9. Realize some things may remain a mystery. One of the first things people ask me about my fire is, “what caused it?” Though multiple agencies investigated, no official cause was ever found. While it’s nice to have answers to “what” or “why,” sometimes we just aren’t given them this side of heaven. I chuckle at the explanation one of my cousin’s young children provided. She said, “Maybe God just wanted to give her a new house!” While I doubt that was the purpose of the fire, I do believe it was allowed for a divine reason.

10. Keep looking up. In times of disaster, it’s essential to look above our circumstances to God, our greatest helper. Scripture reminds us that we do not need to fear sudden disaster, for the Lord will be at our side; He is an ever-present help in times of trouble; He promises to never leave nor forsake us; and He is in the business of bringing beauty out of ashes.

I can testify that these things are true, because He did all of them for me.

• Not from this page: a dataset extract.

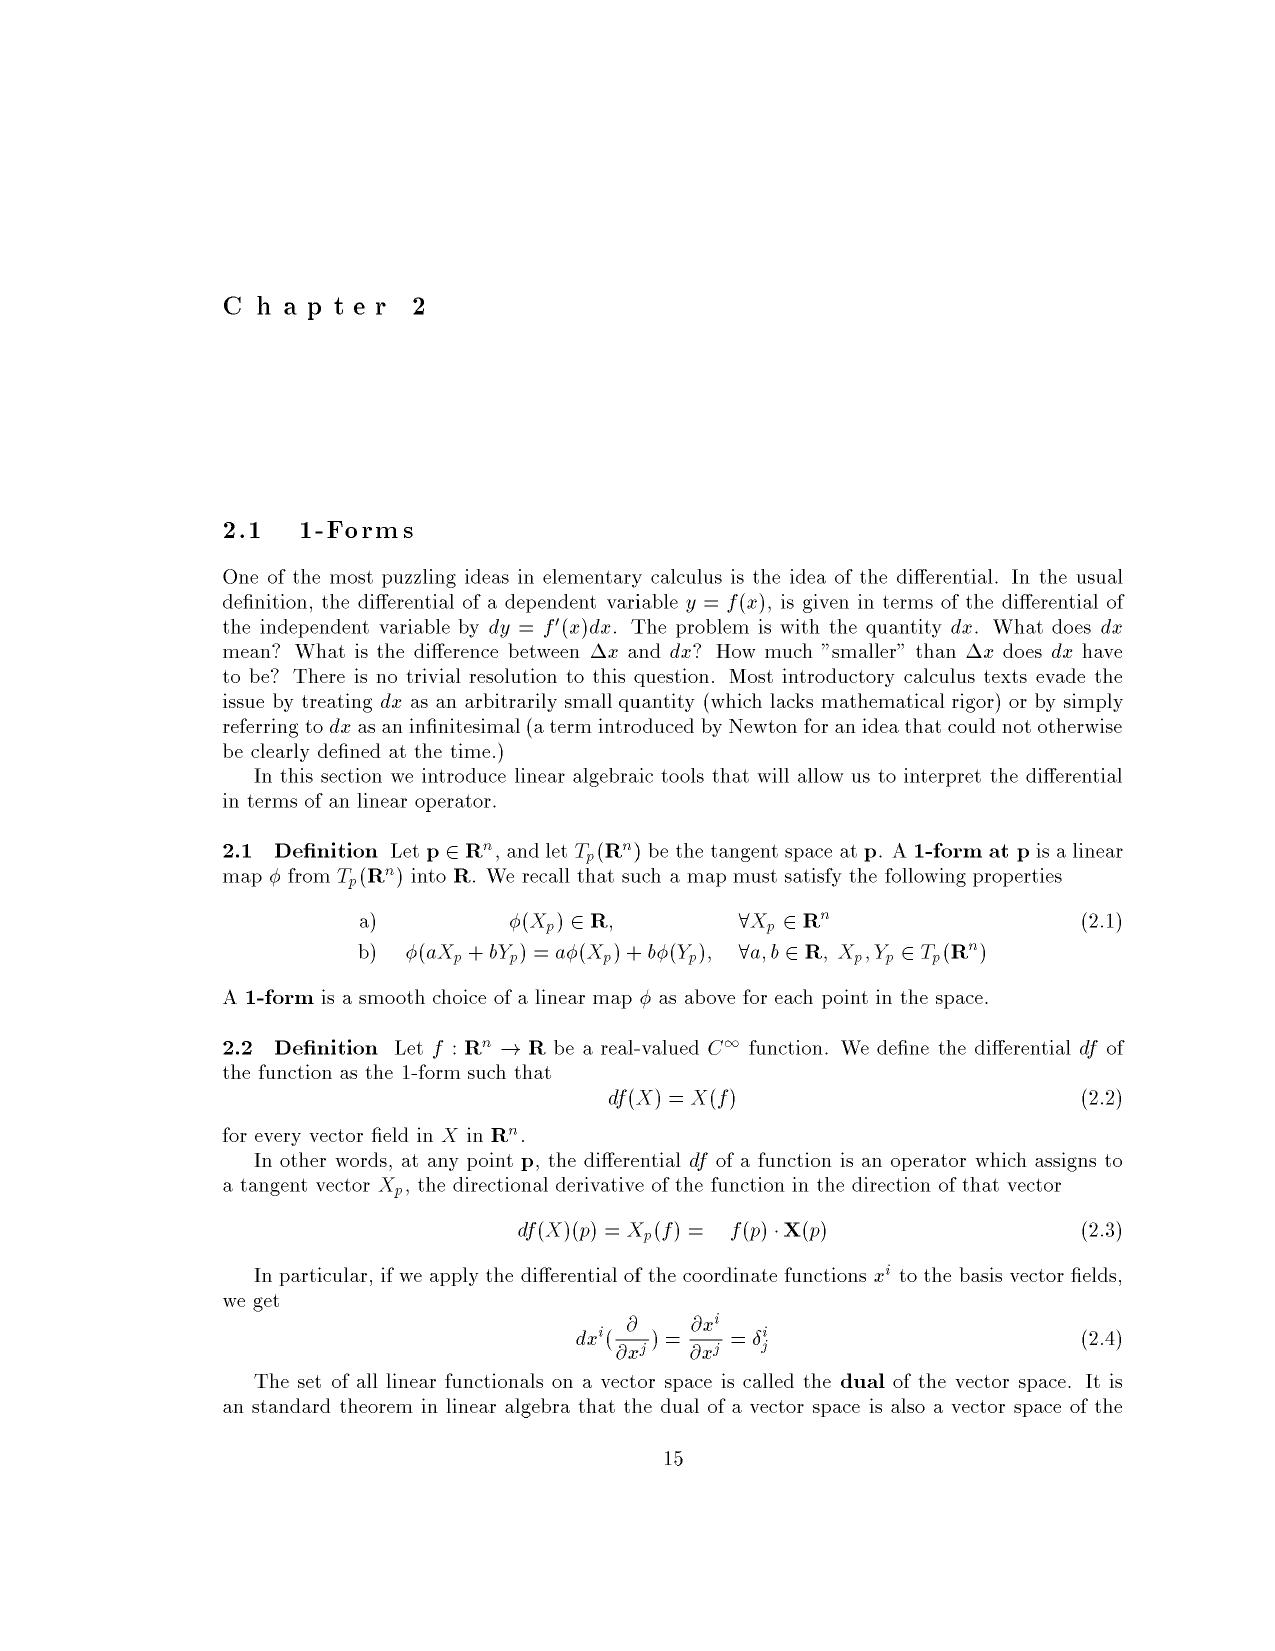 Differential Geometry in Physics 2 by Gabriel Lugo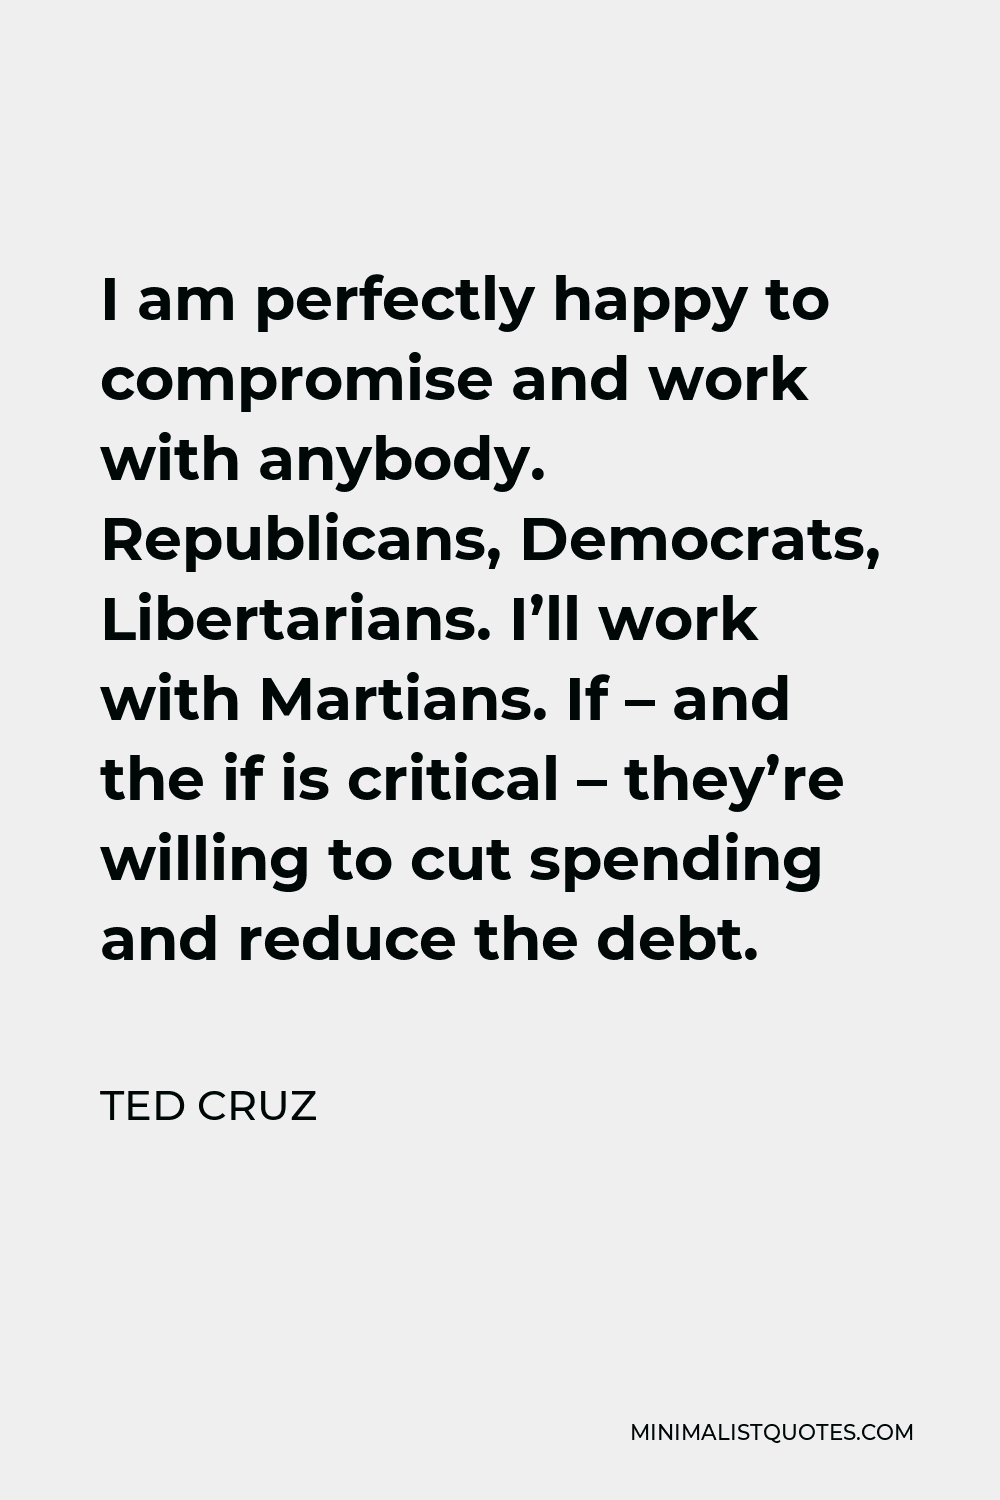 Ted Cruz Quote - I am perfectly happy to compromise and work with anybody. Republicans, Democrats, Libertarians. I’ll work with Martians. If – and the if is critical – they’re willing to cut spending and reduce the debt.

Whatever storms may sweep into your life, I pray that you will place your trust in the One who is able to help you through them.

[1] “Have no fear of sudden disaster or of the ruin that overtakes the wicked, for the Lord will be at your side and will keep your foot from being snared.” Proverbs 3: 25-26 (NIV)

[2] “God is our refuge and strength, an ever-present help in trouble.” Psalm 46:1 (NIV)

[3] “ . . .He has said, “I will never leave you nor forsake you.” Hebrews 13:5 (NIV)

[4] “ . . . to bestow on them a crown of beauty instead of ashes, the oil of joy instead of mourning, and a garment of praise instead of a spirit of despair.” Isaiah 61:3 (NIV)


7 thoughts on “Recovering from sudden disaster

  1. My daughter went through difficult situation about a week ago. My grandson started a fire by accident in the apartment. My daughter tried to put the fire out, but got her hands burned and cut. I am so thankful that our great God was there. It could of been worse. My daughter will have scars on her hands from the fire that gave her 2nd degree burns for the rest of her life. I know God is using this situation to bring her to him. Sometimes I believe God allows bad things into our lives so we hopefully will learn good lessons.


  2. Cindy, I am so sorry to hear about your daughter’s injuries, but rejoice with you that it wasn’t worse. I pray that she will be drawn to the Lord.


  3. Thank you for sharing your insights Jane. So many people need to hear these words now. Natural disasters aside there are many hurting families affected by events like shootings. Our nation needs more prayer than it ever has. Only when people turn to the Lord and are changed by Him will there be lasting change in this country


  4. Yes, Julie, there are so many hurting people right now! When I posted this last Saturday, I had no idea there would be another national tragedy (the Las Vegas mass murders) the very next day. I pray that our nation and world will seek the Lord during these difficult times.


  5. Hi Jane, Thanks for continuing to share your life with us. Your experiences and gift of writing is definitely a blessing to us.


  6. Thank you for taking the time to comment! It’s always a blessing to hear that sharing my experiences has encouraged someone!